Highlights & Insights¶
- Precision in problem formulation: The key insight is distinguishing storage compression from memory compression. Prior work has overwhelmingly focused on the former while neglecting the latter, which is the true bottleneck for edge deployment.
- Justification for replacing SH with SG: The vast majority of surfaces in a scene are diffuse (requiring no lobes); only a small fraction exhibits specular or highlight behavior requiring lobes. The variable lobe count of SG perfectly matches this long-tail distribution.

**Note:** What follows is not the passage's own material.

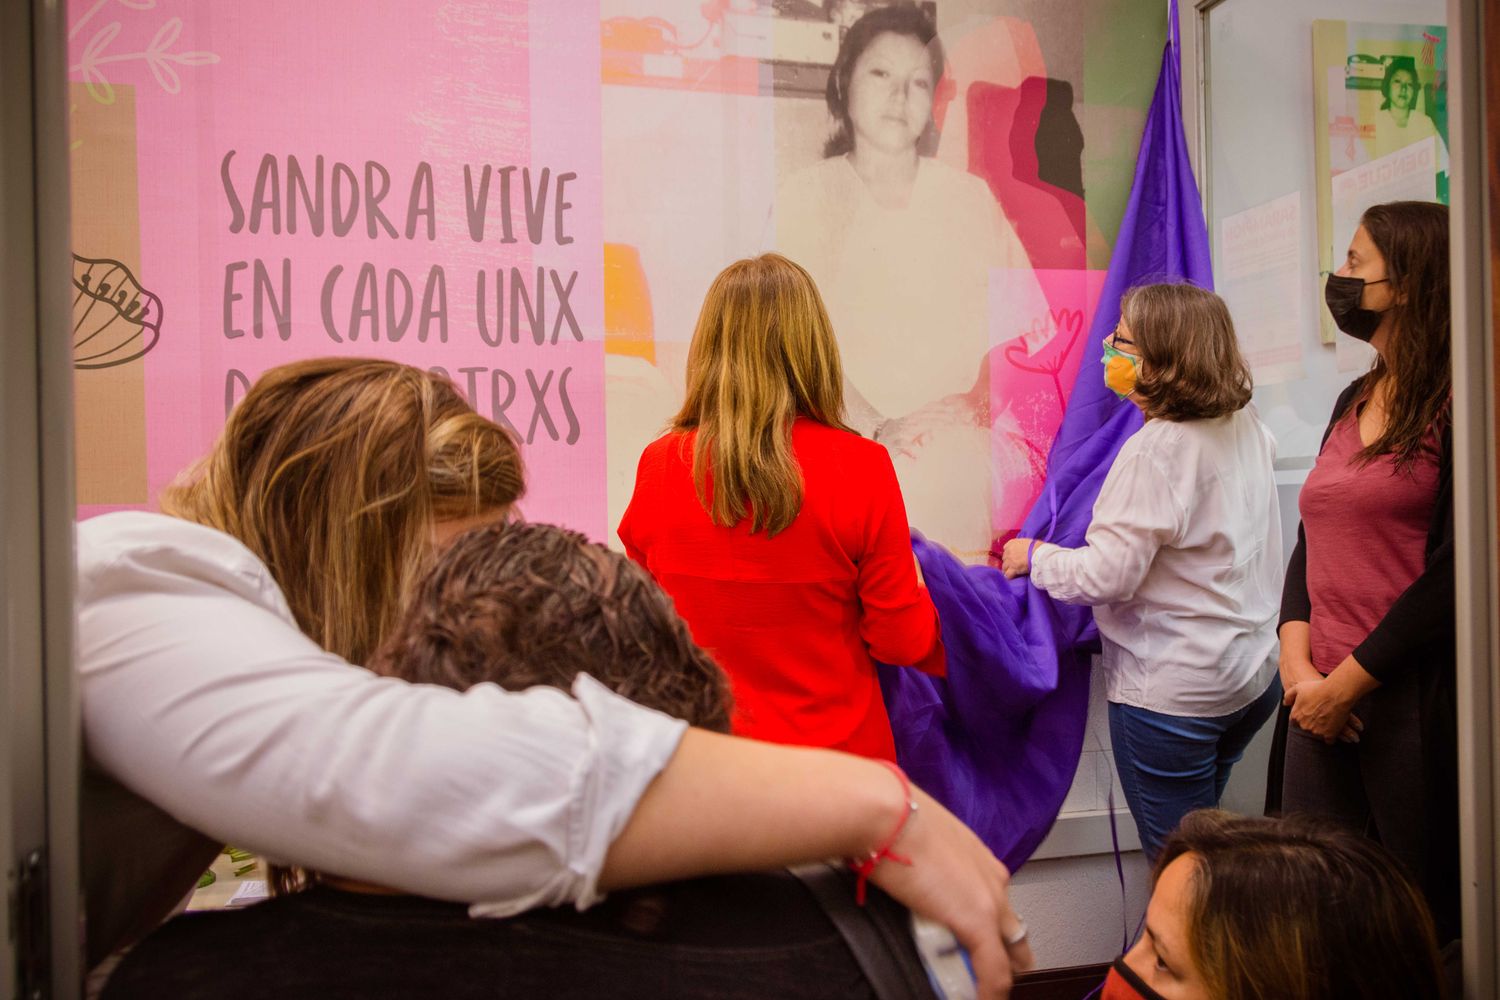 Inauguraron un mural en memoria de Sandra Ayala Gamboa al cumplirse 15 años de su femicidio en La Plata
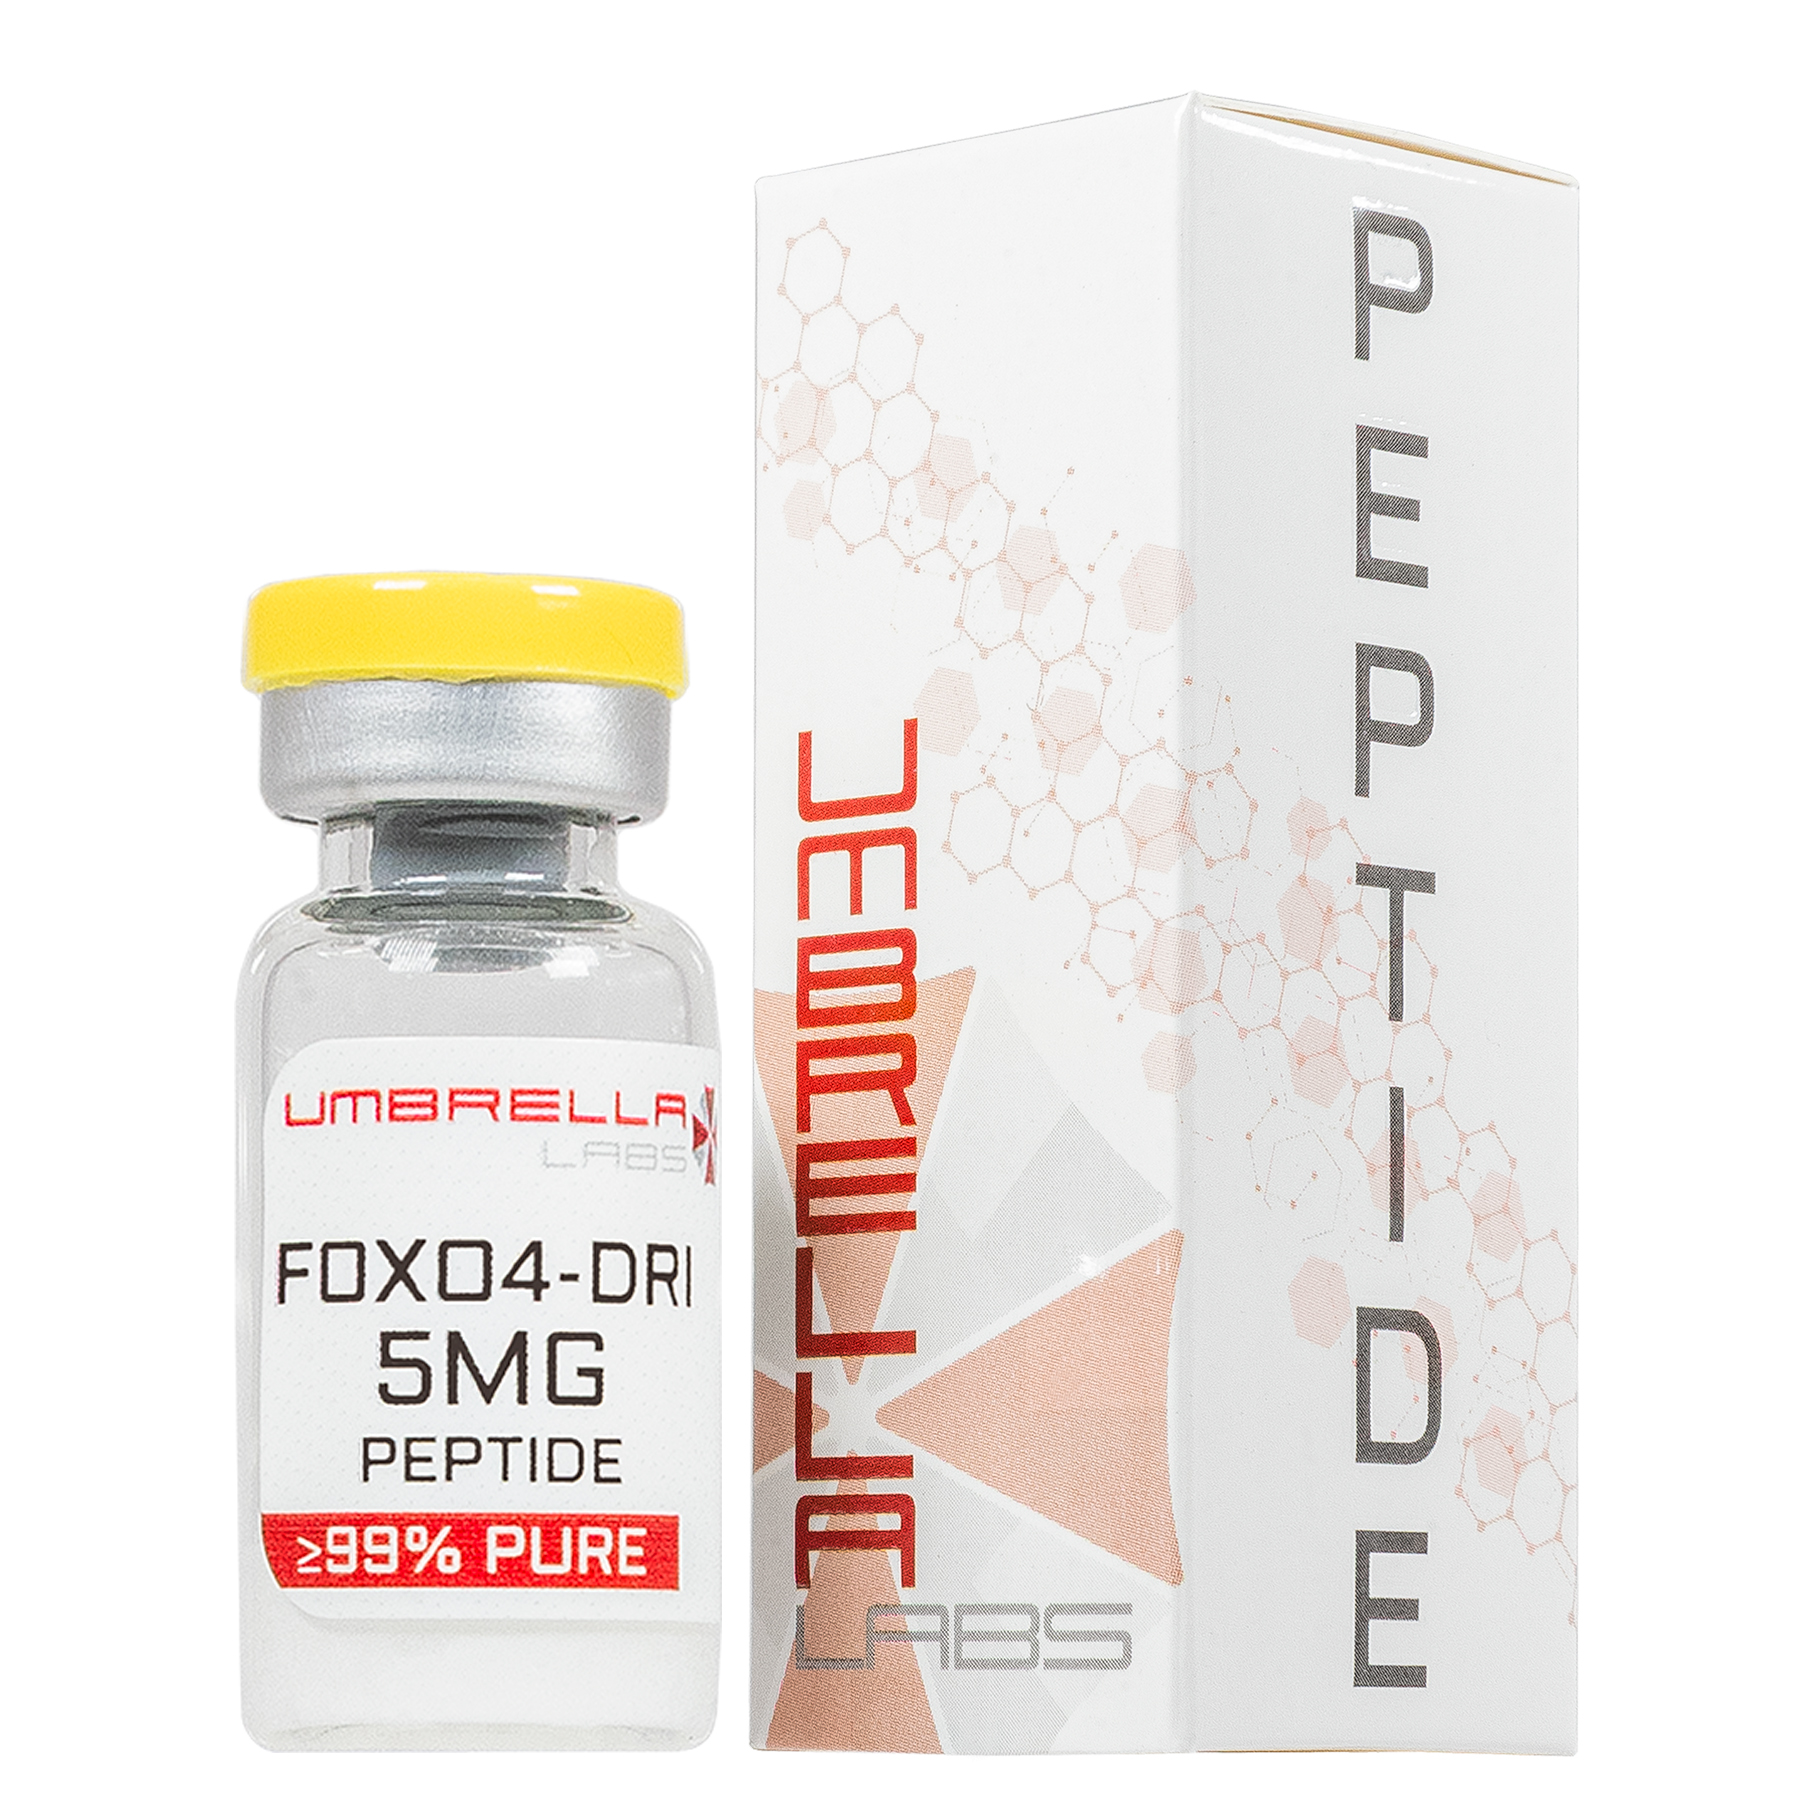 foxo4 dri peptide 10mg vial

- ADMM formulation for unified pruning: Casting two discrete optimization problems as a single continuous optimization and decomposing it via ADMM is elegant and theoretically grounded. This framework generalizes to any setting requiring simultaneous optimization of "entity count" and "per-entity complexity."
- Closed-form color compensation: The analytic solution derived via spherical integration introduces no additional computational overhead and is both simple and effective.
Limitations & Future Work¶
- The work focuses on static VRAM compression; optimization of dynamic VRAM (which depends on renderer implementation) is left for future work.
- Performance in highly complex specular scenes (e.g., fully mirror-like objects) warrants further investigation.
- Combination with neural compression methods (e.g., HAC++) could jointly optimize both storage and VRAM.
- Optimal initialization strategies for SG lobes remain an open question.
Related Work & Insights¶
- vs. GaussianSpa: Performs only primitive pruning while retaining full SH per primitive, resulting in a higher VRAM lower bound. MEGS2 breaks this bound by additionally compressing per-primitive parameters.
- vs. Reduced3DGS: Also attempts to prune SH coefficients, but the global nature of SH makes sparse pruning unsafe — removing high-order terms degrades detail globally. The locality of SG makes lobe pruning far safer.
- vs. CompactGaussian / EAGLES: Achieve high storage compression ratios but may actually increase VRAM (due to decompression requirements), fundamentally failing to address the rendering memory problem.
Rating¶
- Novelty: ⭐⭐⭐⭐ Complete replacement of SH with SG combined with a unified pruning framework; conceptually clear and innovative.
- Experimental Thoroughness: ⭐⭐⭐⭐⭐ Comprehensive comparisons across three datasets, detailed ablations, and real-device validation via WebGL.
- Writing Quality: ⭐⭐⭐⭐ VRAM analysis is clear and problem decomposition is well-articulated.
- Value: ⭐⭐⭐⭐⭐ First systematic solution to the rendering memory bottleneck of 3DGS, directly enabling edge deployment.